Actually, it might show the
opposite
 When Friedman wrote in 1970, it was
simply inconceivable that the business
system could accept social responsibility as
a legitimate concern.
 When Anita Roddick died on 10 September
2007, it was inconceivable that business
could neglect social responsibility and
succeed.
Let’s look at a menu of moral
issues confronting business
 NOTE: these issues are strategic and technical, but
are viewed as ethical by the public and
increasingly by governments.
 Climate change, CO2 discharge, pollution.
 Elimination of poverty, Third World debt
 Fair trade
 Collaboration with authoritarian political regimes
 Human rights issues
Where did Anita Roddick go
right?
 Entine and a few others are fundamentally
critical of Body Shop and the Roddicks.
 Their critical views and cynicism are not
widely shared.
 Roddick’s commitment to human rights, to
breaking the mould of traditional business,
to charities, to
Hence, The Body Shop
• Despite the criticisms of Entine and others
– Has managed to carry an idea into the market place that
its operations have not damaged.
– Has elevated the profile of social responsibility in
business.
• This is Kidder’s point. Michael McCarthy in The
Independent wrote:
there seems no doubt that Anita Roddick, the founder of The
Body Shop, did change profoundly the way that we think
about things, in a way that flowed on to change the world
itself.
Roddick’s message
“I think you can trade ethically, be
committed to social responsibility, empower
your employees. I think you can rewrite the
book on business.”
Roddick called other business people - her
bankers for example - “robber barons” and
“blood sucking dinosaurs”.
Roddick adopted a moral
business persona
• Entine has criticised this as politically correct and as
cynical exploitation of ethical concerns.
• But Roddick gave the public an opportunity to choose
and they chose her products because of the values she
proclaimed.
• Where Friedman eschewed public morality and sought
to maximise preferences and wealth - Utilitarian
maximisation - Roddick stood for deontological
values, such as justice and human rights.

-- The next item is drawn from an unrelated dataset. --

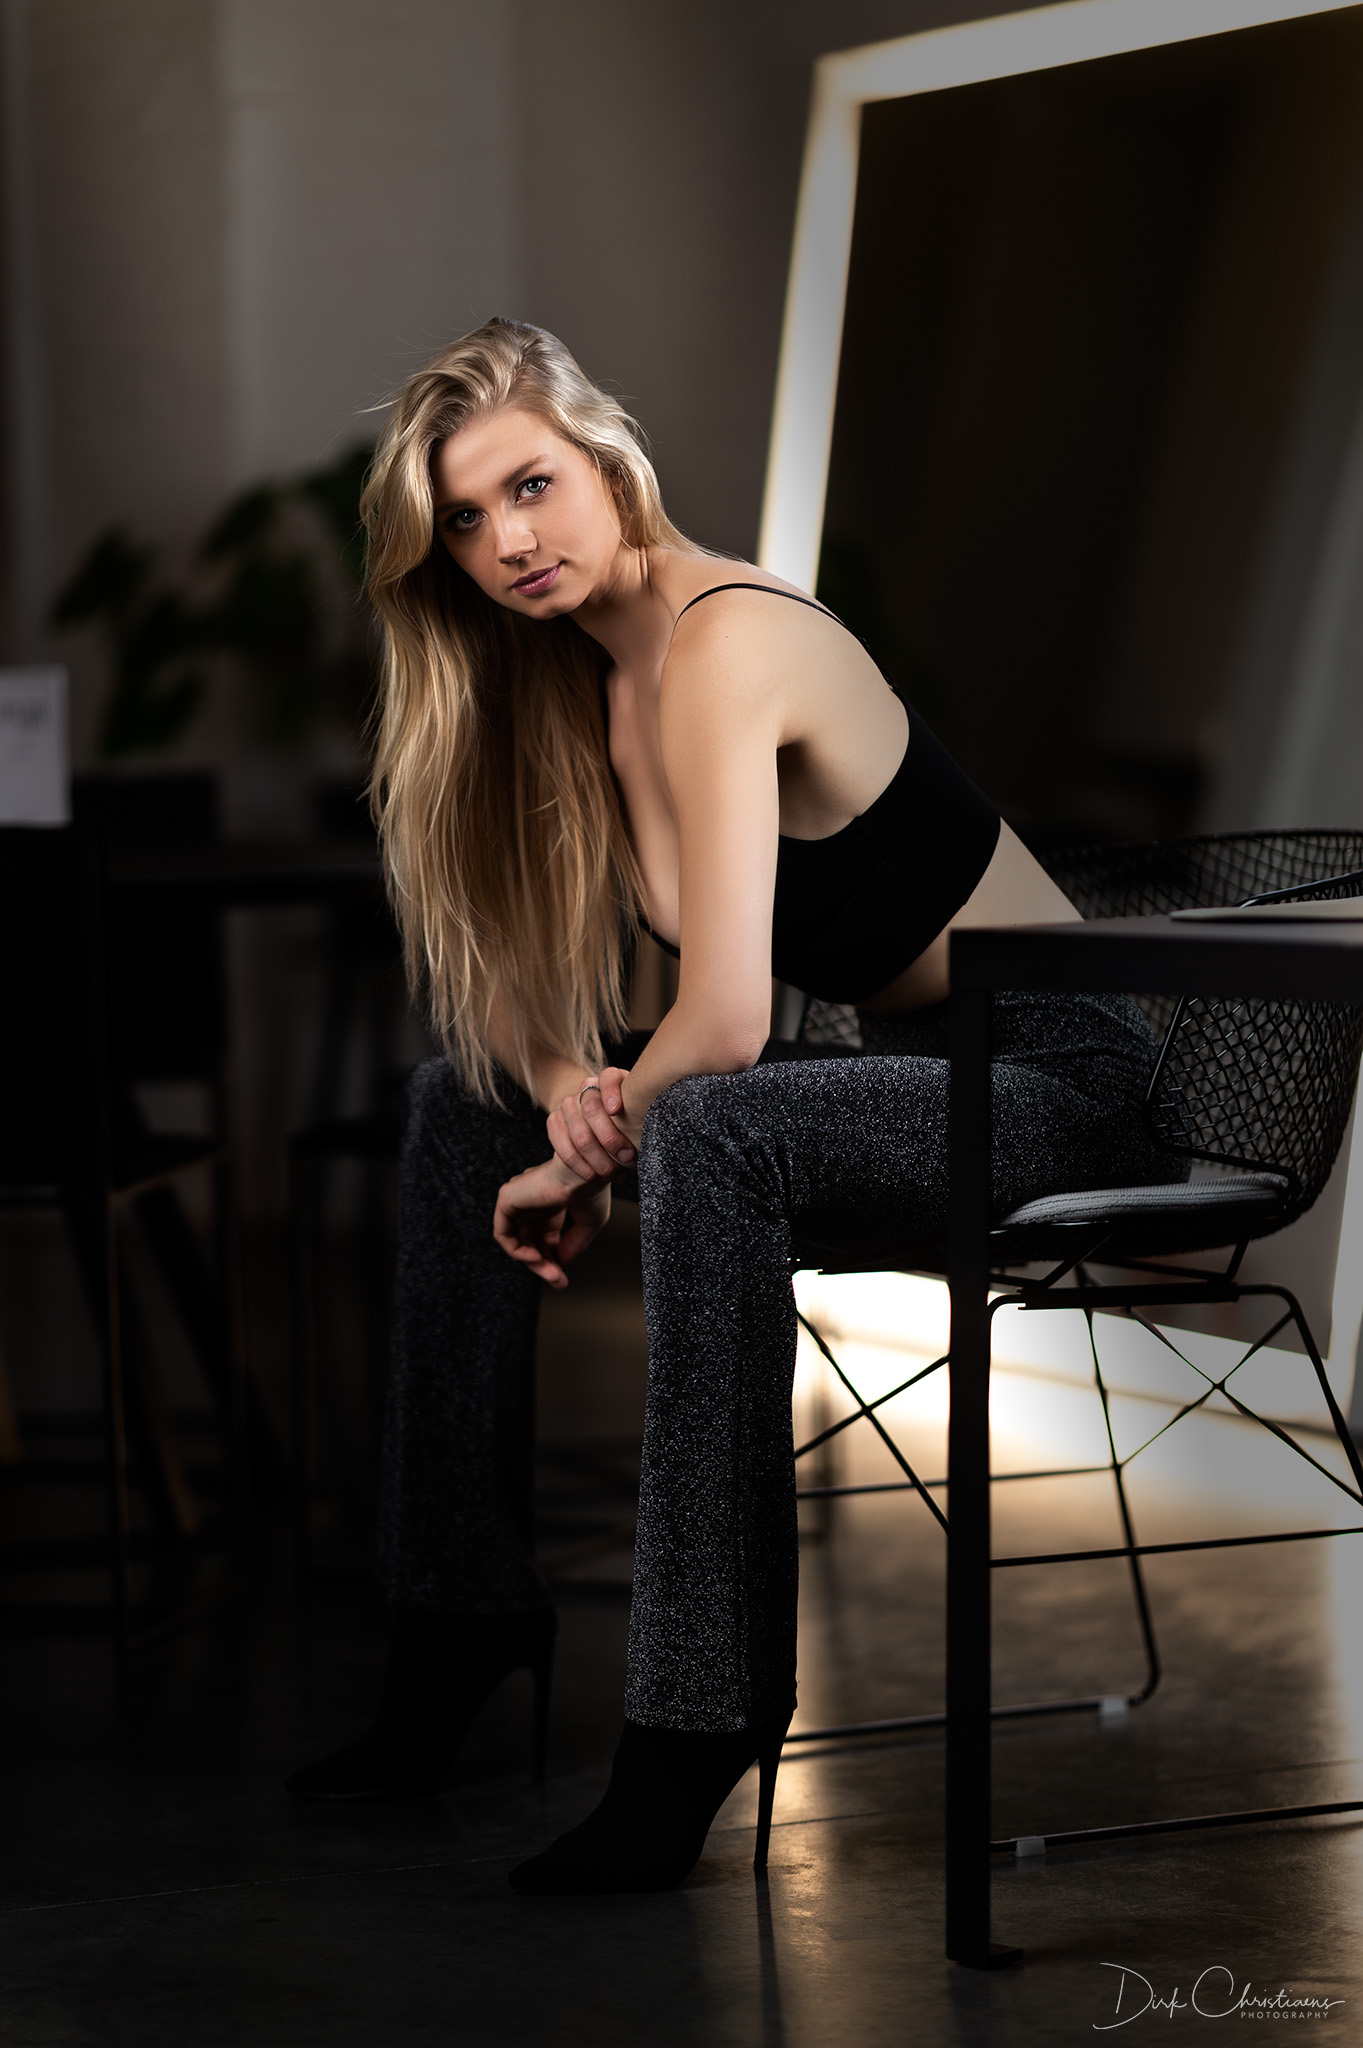 Bo Ackaert, model from Belgium at a boudoir photoshoot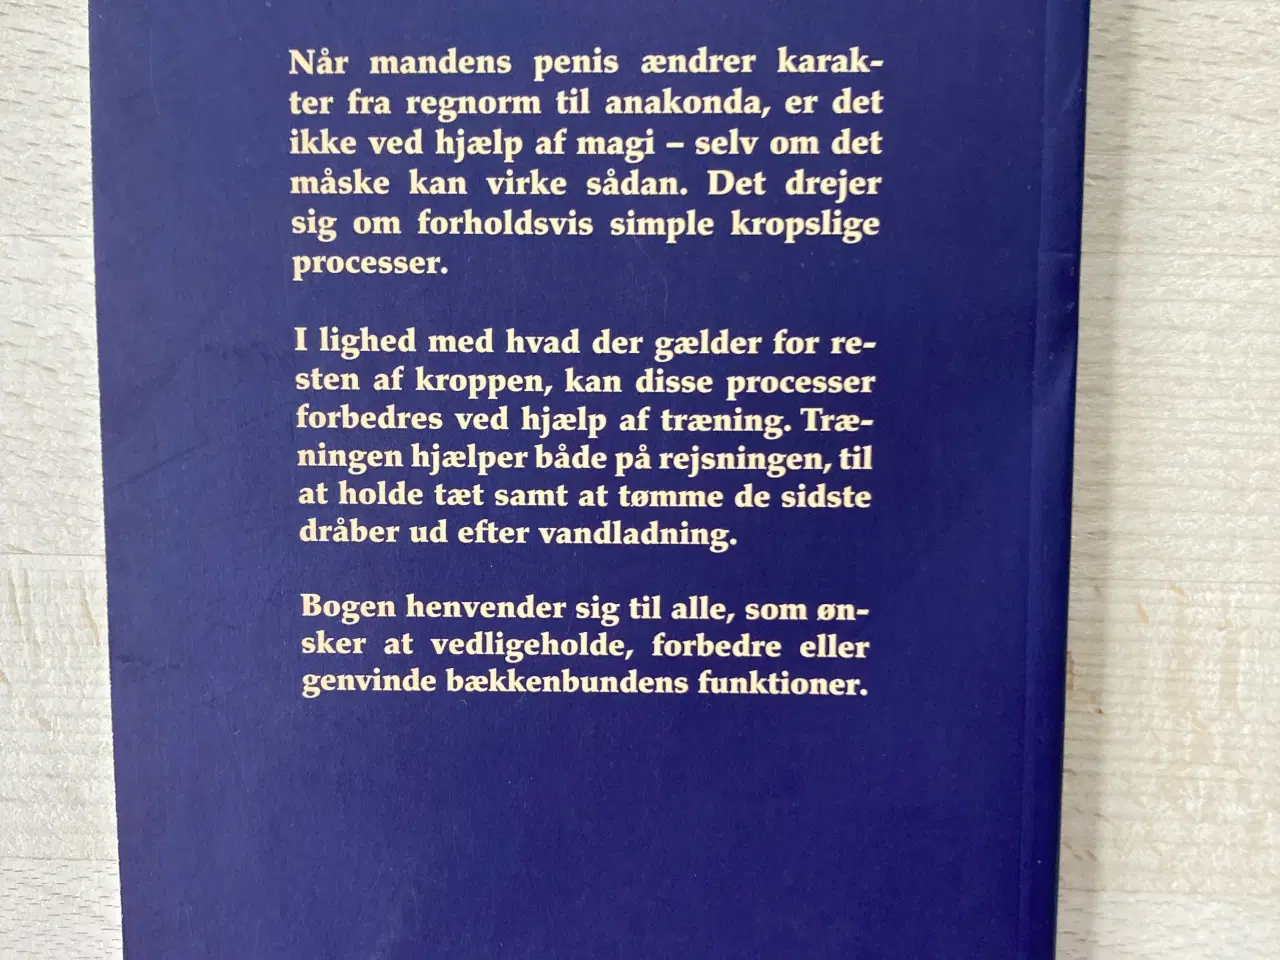 Billede 2 - Fra regnorm til anakonda, Søren Ekman

Allegations of smoke and mirrors
• Roddick did get animal testing banned in
the UK and Europe, even if the idea wasn’t
hers and the leg work was done by others.
• Fair trade was her idea even if she wasn’t
exemplary in implementing it.
• Many charities continue to regard Roddick
as making a significant difference to them.
Enough to make a change
• In short, despite Entine’s recycled criticisms, Anita
Roddick did have enough credibility to make a
large difference, even if she was not perfect.
• Pace Kidder, there is NO ‘balance’ between ethics
and creativity, but one doesn’t have to be ‘pure’ to
do good.
• Are we to hold those who don’t care about ethics
to a lower standard than those who do?
Friedman today?
 Business works best when it is least fettered.
 People work best when they are free to make their
own decisions.
 Combining these two points, one can conclude
that a pro-active business response to the menu of
moral issues will head off government regulation;
and attract market support. The example of The
Body Shop supports such a belief - even if
Entine’s criticisms are well-founded.